• [Provided material]
Start of Block

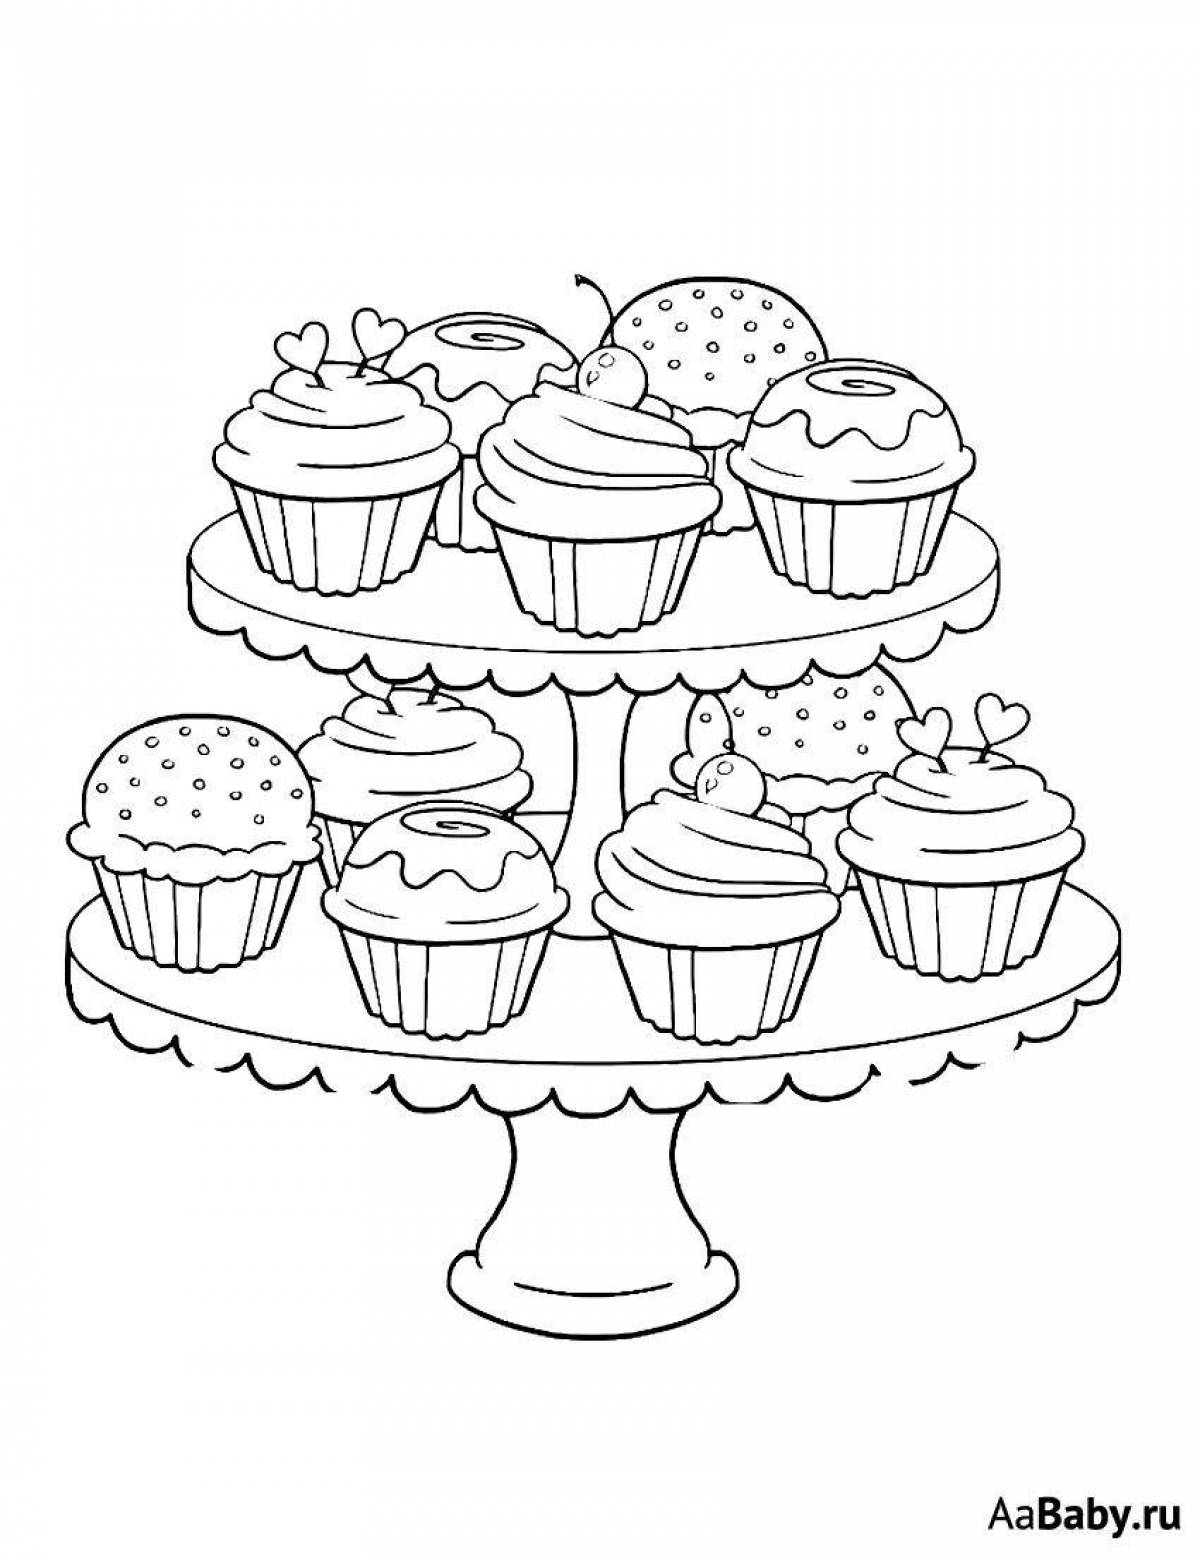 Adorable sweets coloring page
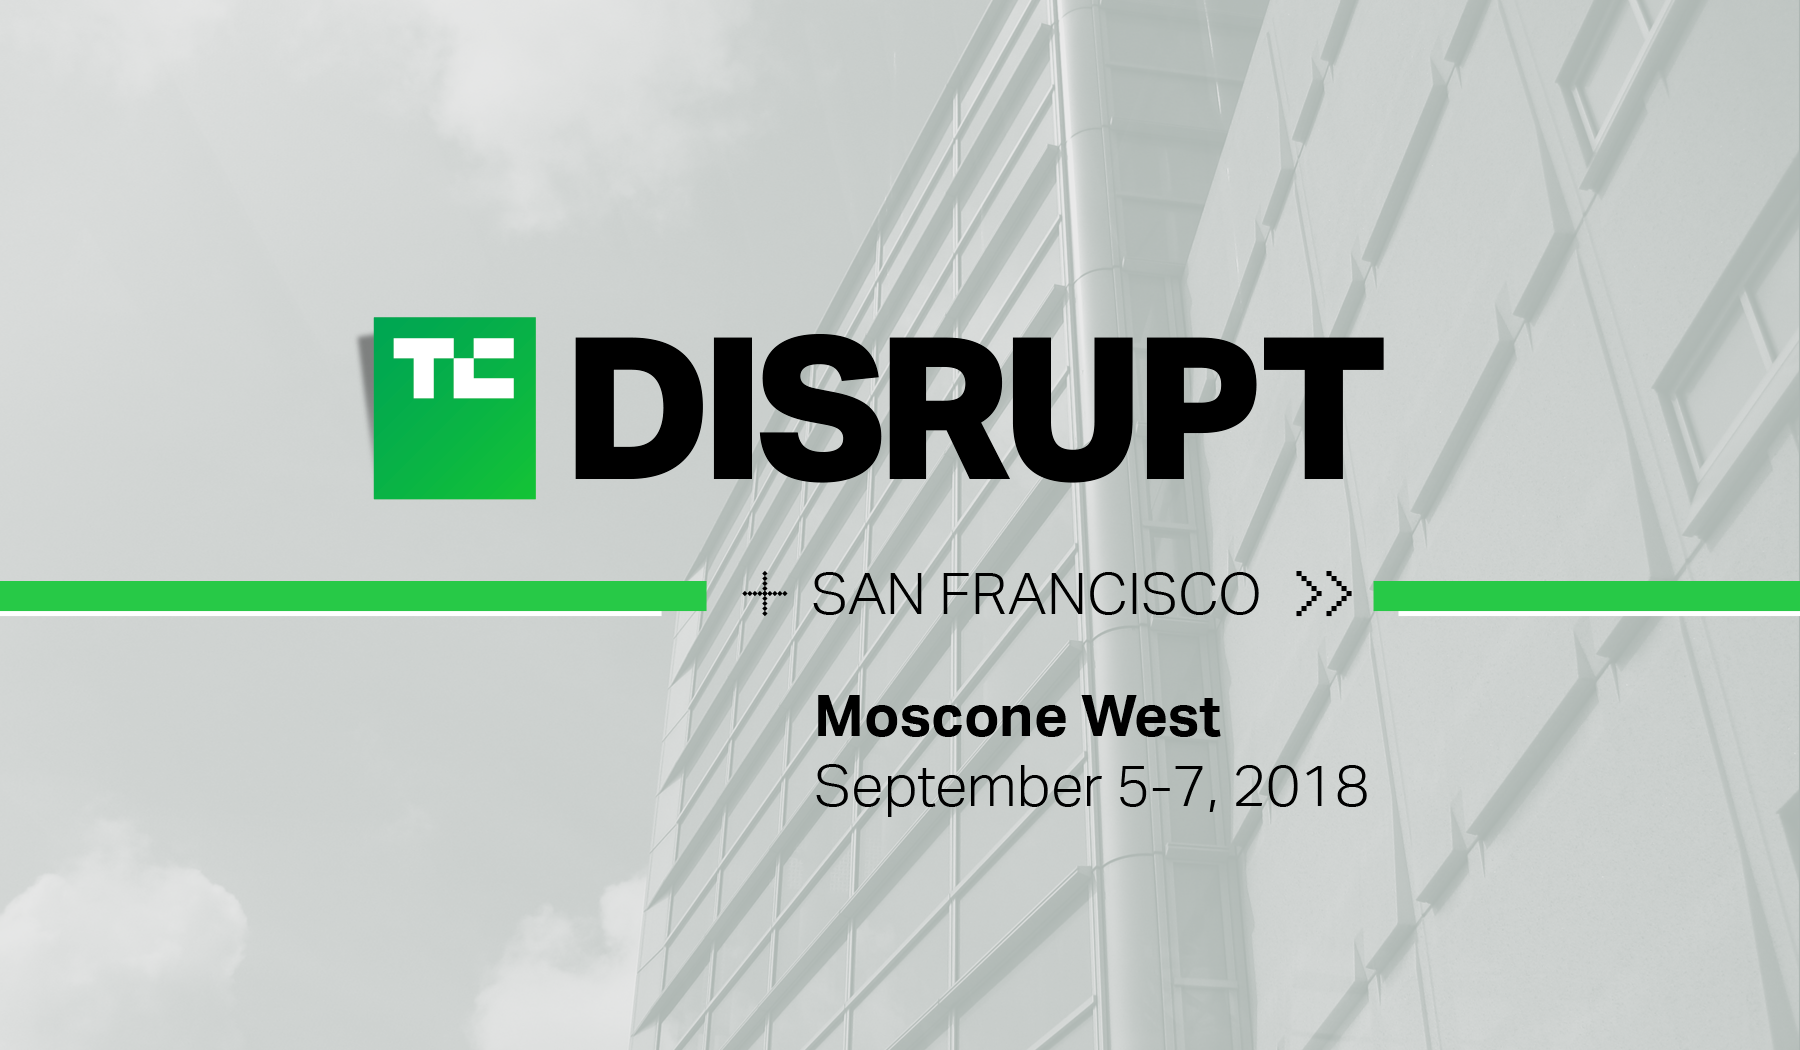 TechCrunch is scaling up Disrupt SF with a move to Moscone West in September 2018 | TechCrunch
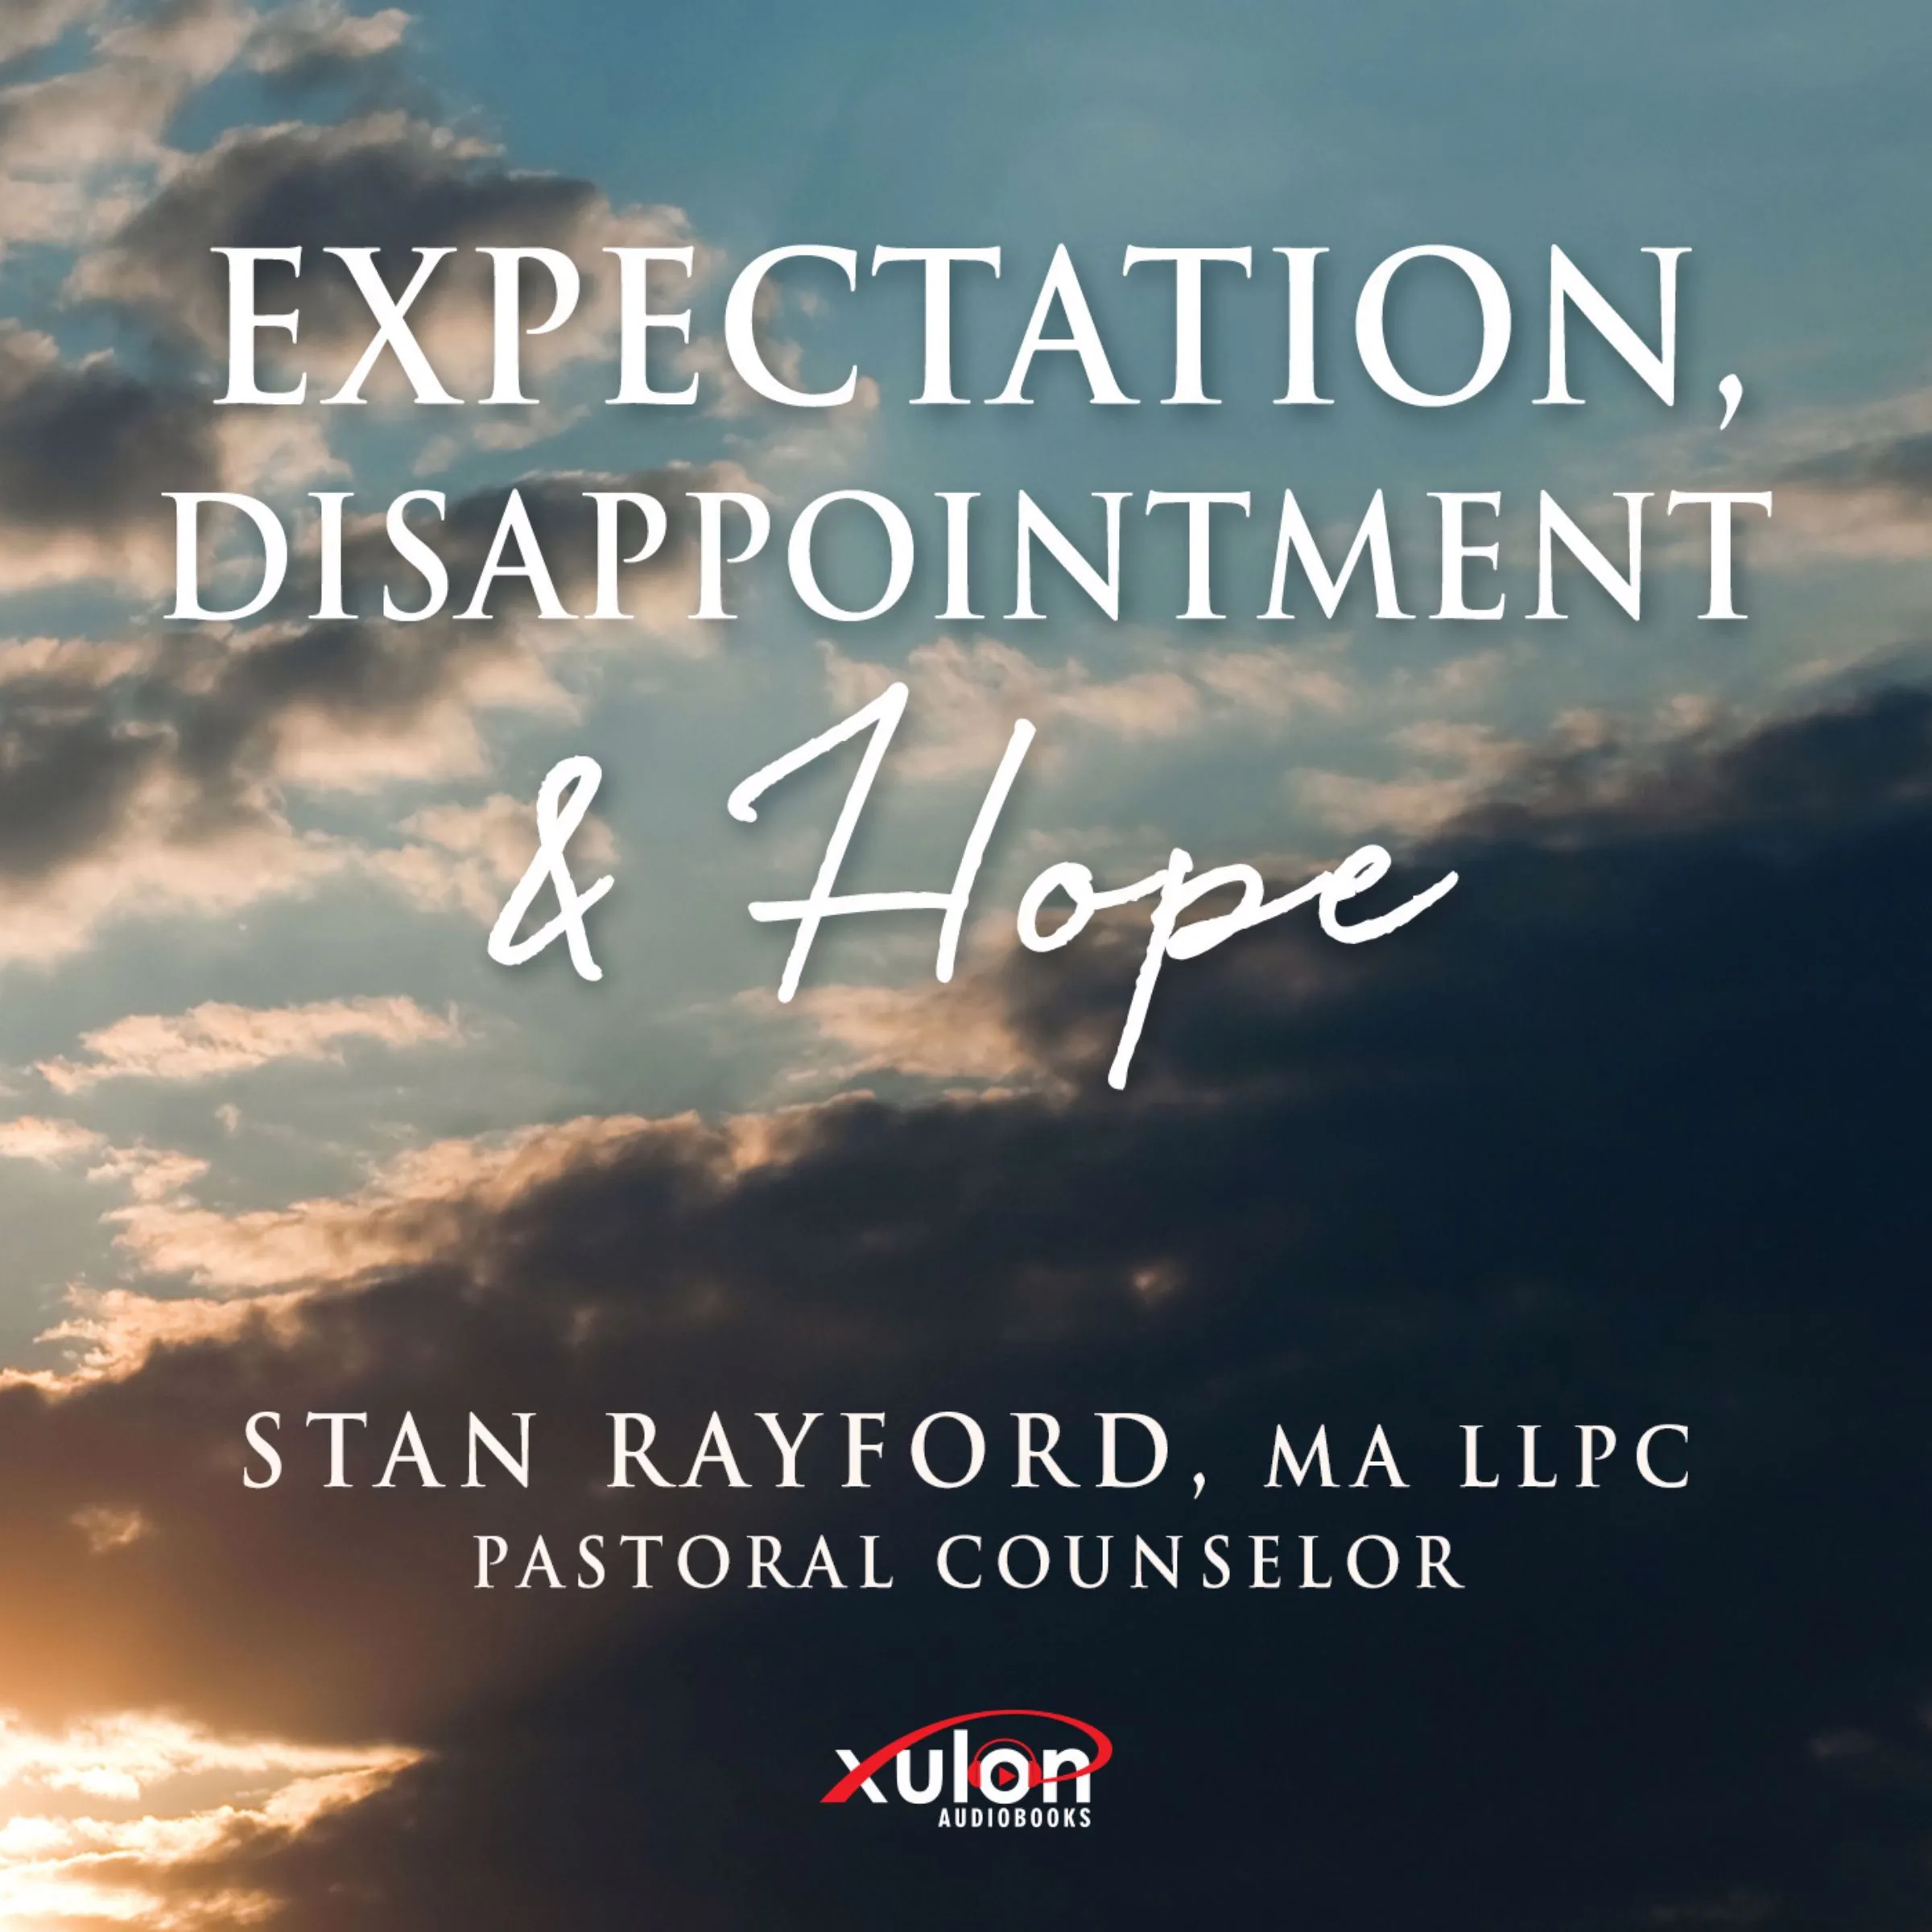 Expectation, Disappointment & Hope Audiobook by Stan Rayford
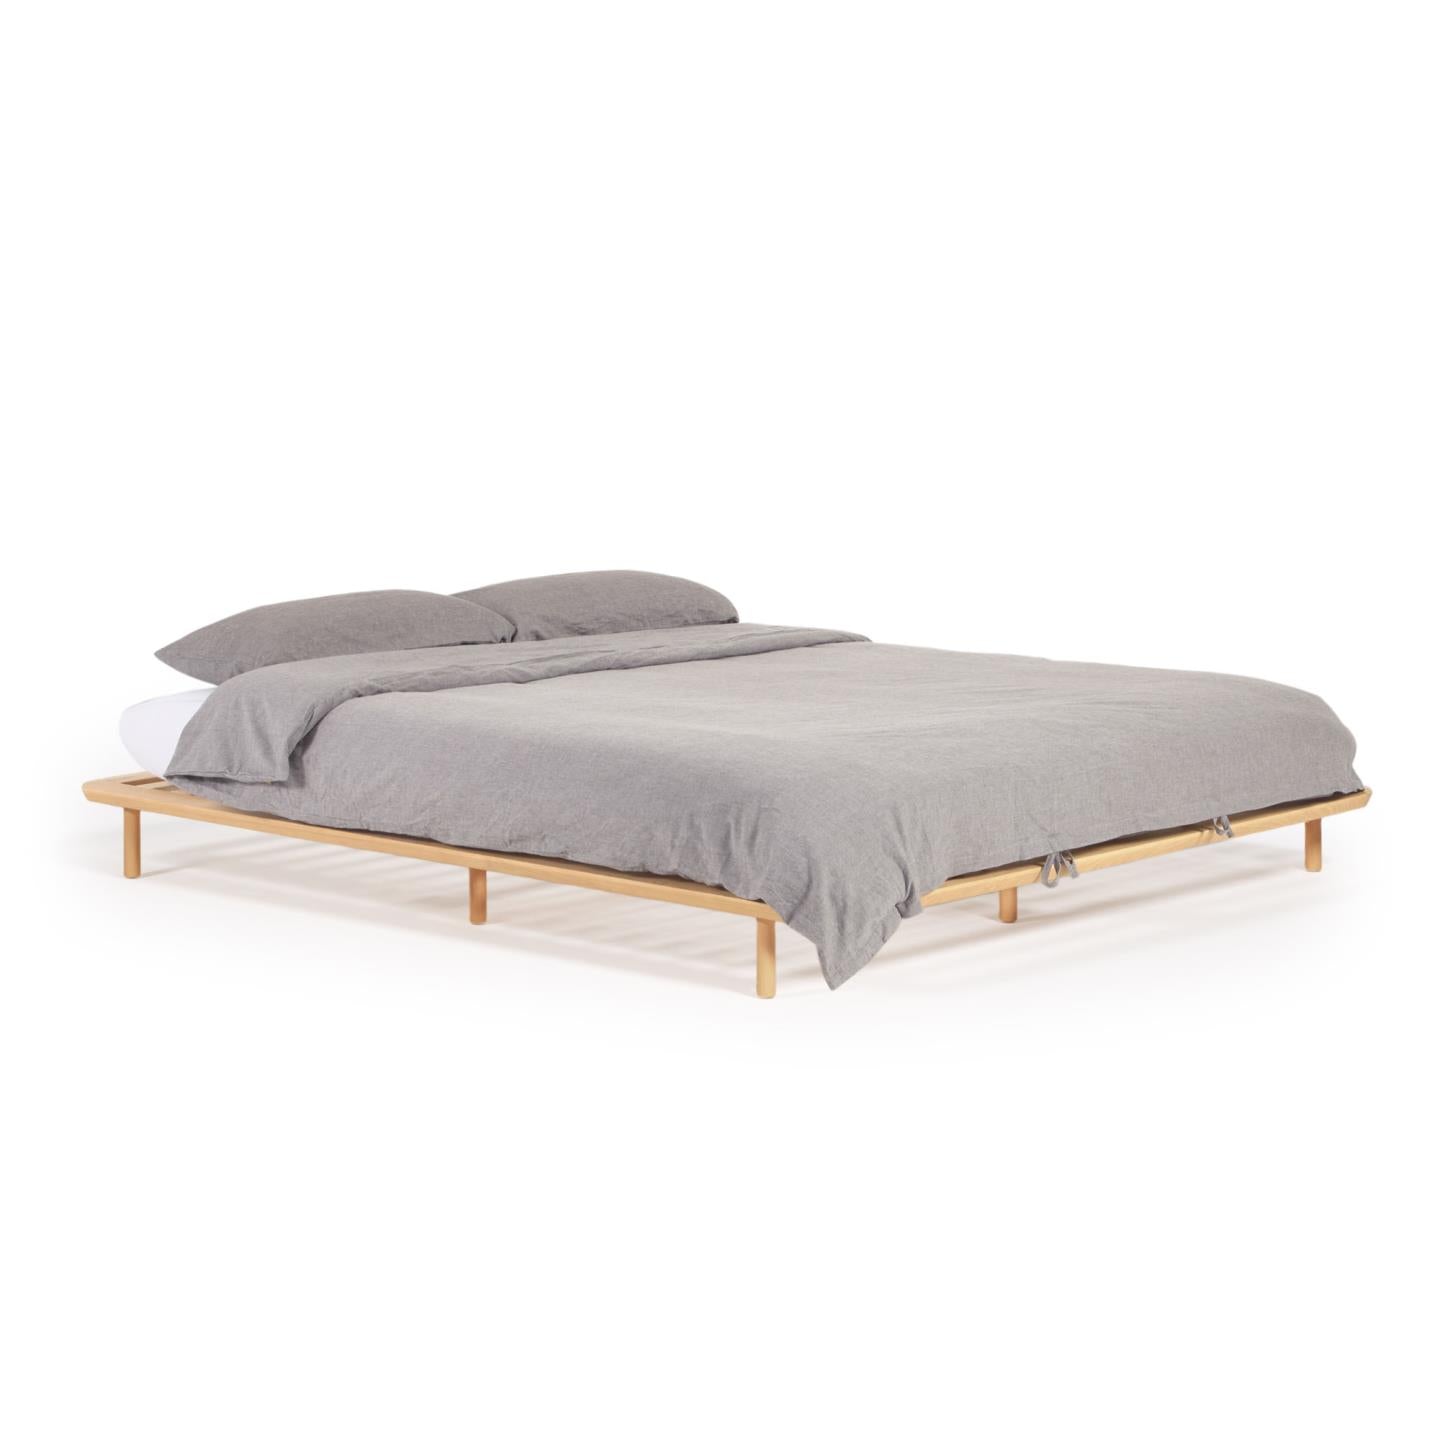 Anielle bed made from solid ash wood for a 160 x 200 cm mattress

End of Block

• [Problem to work on]
Retype exactly the lines above, starting at the line containing "TechCrunch is scaling" and ending with the last line, both included; leave out the pictures.

• [Exercise solution]
 TechCrunch is scaling up Disrupt SF with a move to Moscone West in September 2018 | TechCrunch
 Expectation, Disappointment & Hope Audiobook by Stan Rayford
 Anielle bed made from solid ash wood for a 160 x 200 cm mattress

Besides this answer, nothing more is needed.